Что же касается Столыпина, то критерий проверки для его реформ — это то, что последовало затем, насколько жизнеспособными для страны они оказались. А ведь затем произошло самое страшное, что  может произойти с государством: поражение в войне и революция. Получается, что та модель, которая начала им реализовывалась и привела к тому и другому.

— Это имеет какое-то цифровое выражение?

— Конечно! Начну даже не с аграрных реформ. Доля России в мировом промышленном производстве действительно несколько возросла, но возросла за весь этот период столыпинских реформ к тринадцатому году всего на 0,3%. В мировом объеме это было 5,3%, что соответствовало пятому месту. При Александре III Россия выходила на четвертое место. При Николае II она законсервировалась на пятом месте после США, Великобритании, Германии, Франции. Причем Россия в этом промышленном соревновании стартовала позже остальных крупных держав, а те, кто стартует с нуля, теоретически должен иметь более высокие показатели. Но нет, за тот же период доля Соединенных Штатов Америки увеличилась на 5,7%.

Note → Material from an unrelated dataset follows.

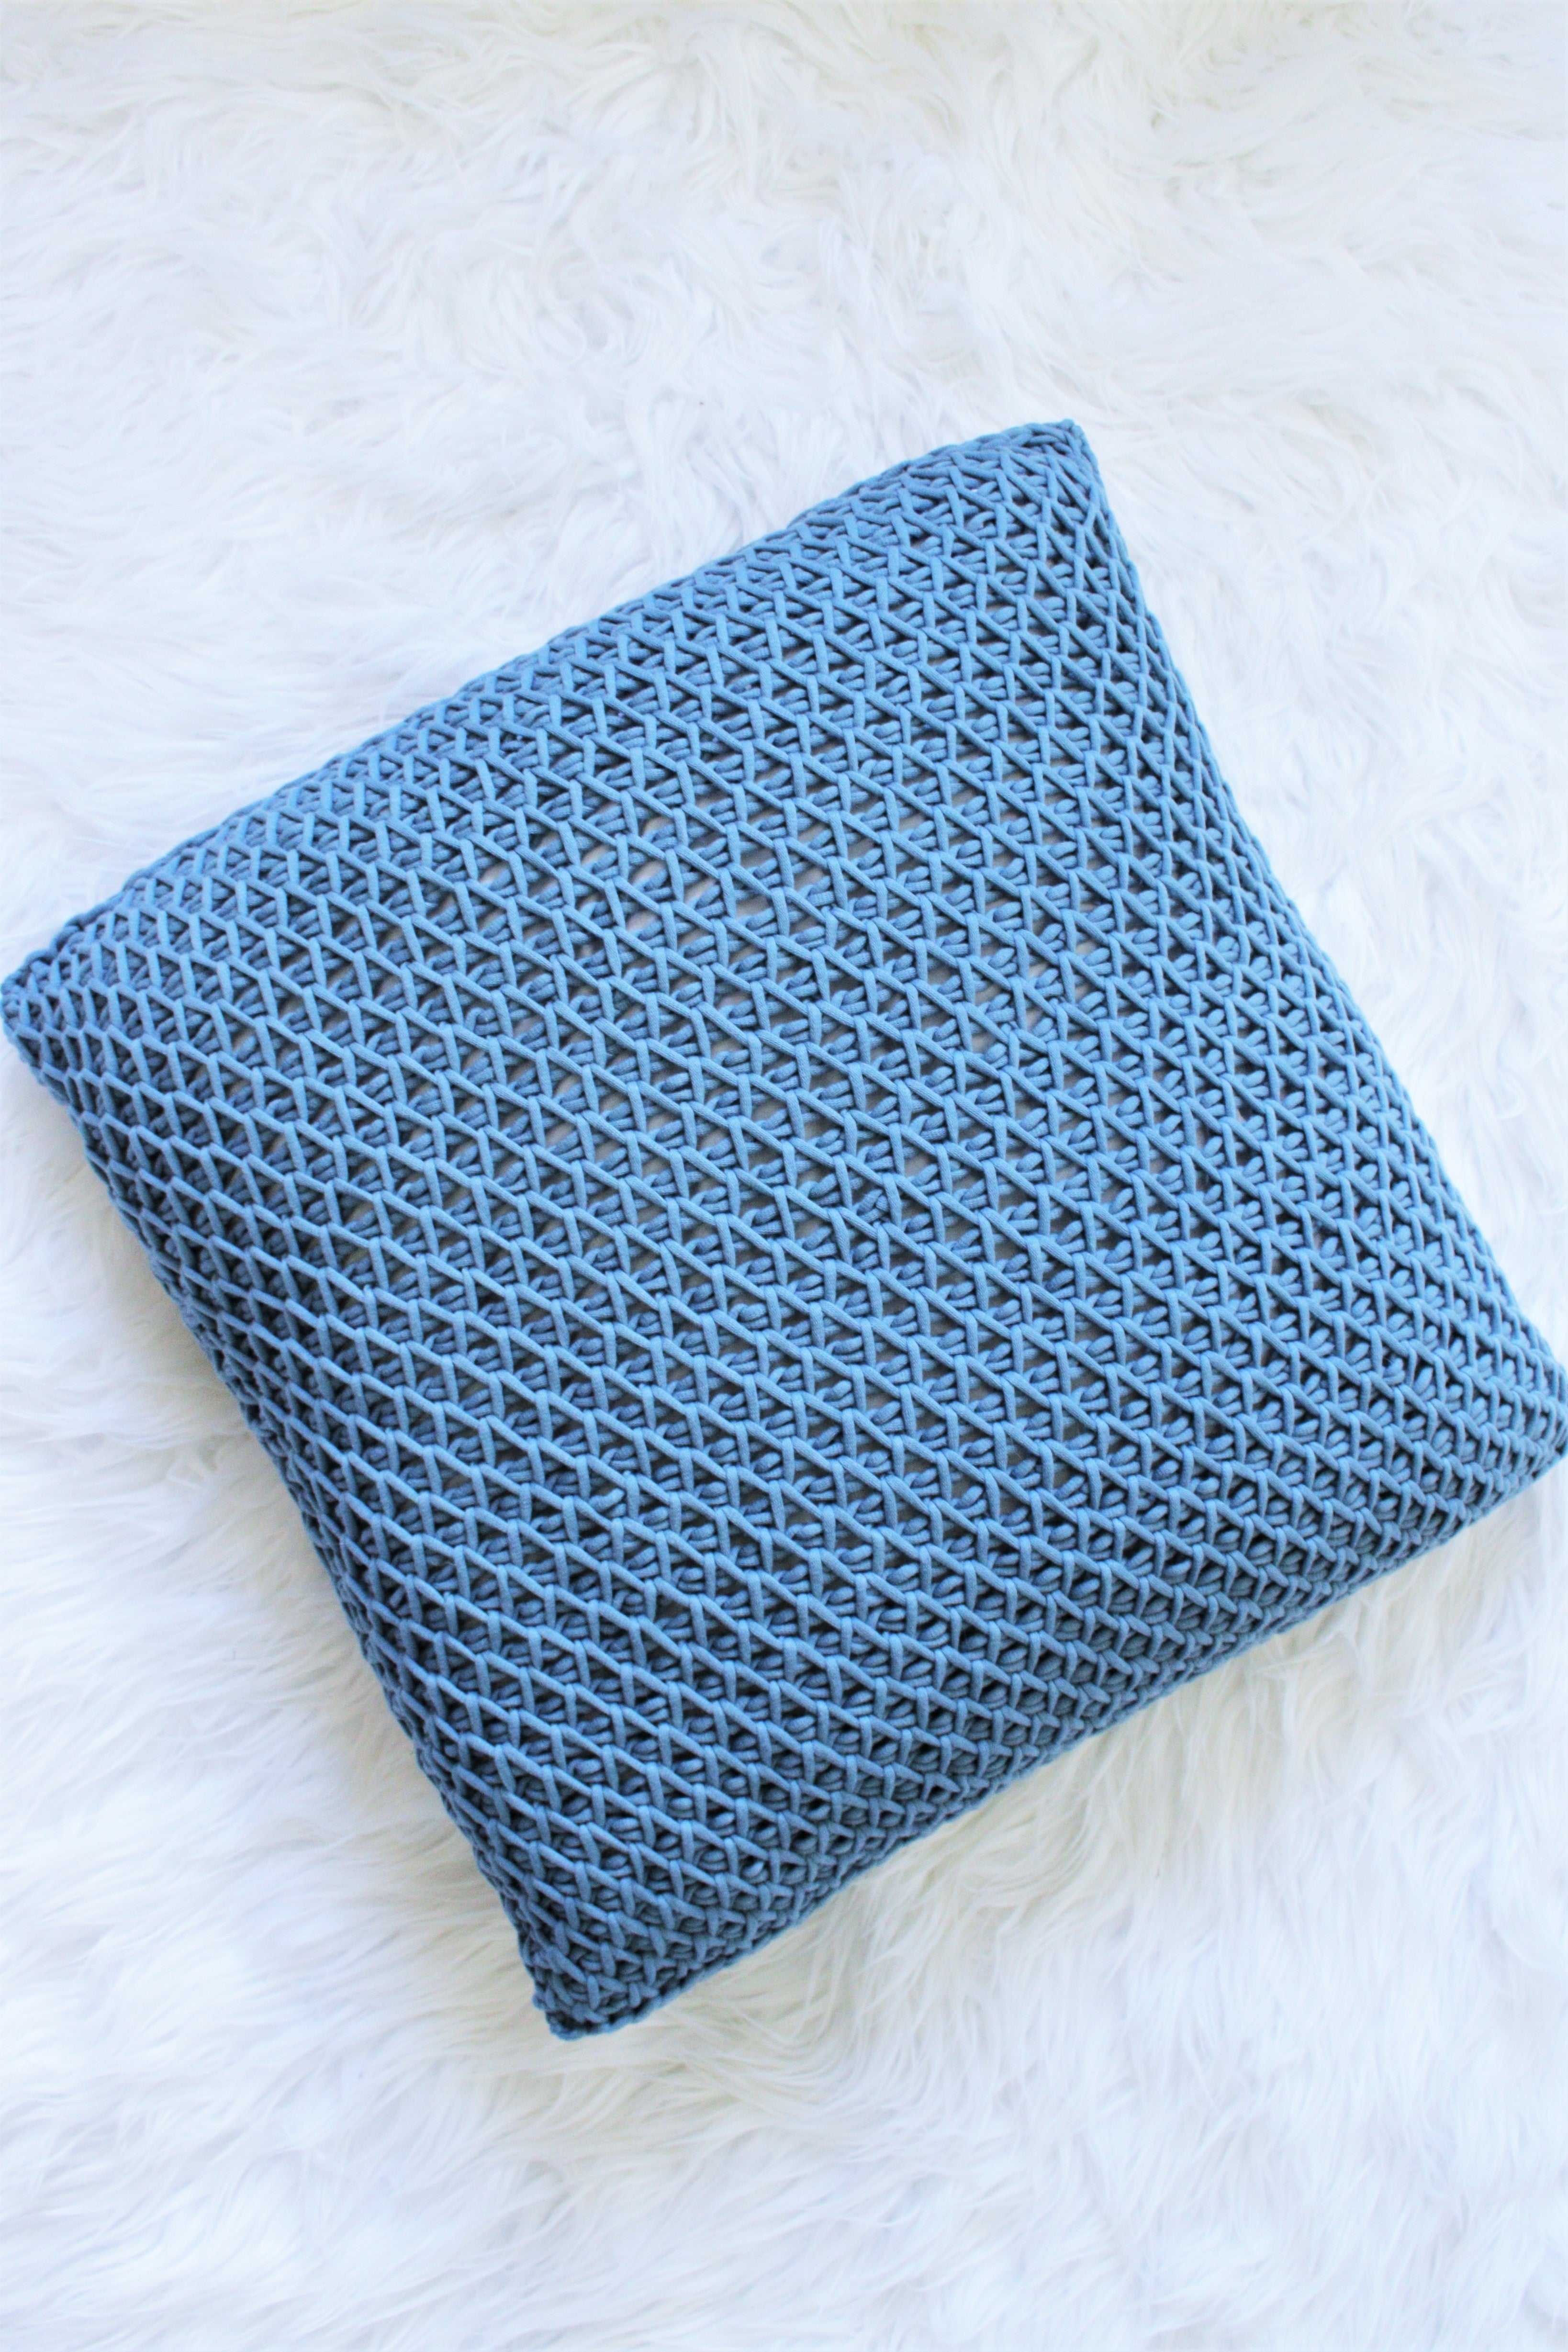 Cottage Throw Pillow // Tunisian Crochet PDF Pattern

Возьмем передовые технологические отрасли. Вот, скажем, химическая промышленность. Отставание от Соединенных Штатов Америки в двенадцать раз. От Великобритании и Германии в шесть раз. Первая Мировая война показала, что в оборонной промышленности, в частности, в производстве самолетов и другой техники, существенно отстали.

В общем, необходимой промышленной базы создано не было, и не было предпосылок, что это будет сделано в дальнейшем.

Научную сферу оседлать под задачи развития тоже не смогли. По количеству научных работников — троекратное отставание от Соединенных Штатов Америки.

Большие вопросы и к тому, как осуществлялась макроэкономическая политика. По степени монетизации Россия была наименее монетизированной из всех европейских стран. Российская империя отставала по количеству денежных знаков на одного жителя от Австрии в два раза, от Германии и США в 4,5 раза, от Англии в 5,5 раз, от Франции — в 8,7 раз. Сегодня та же самая болезнь — недостаток денег!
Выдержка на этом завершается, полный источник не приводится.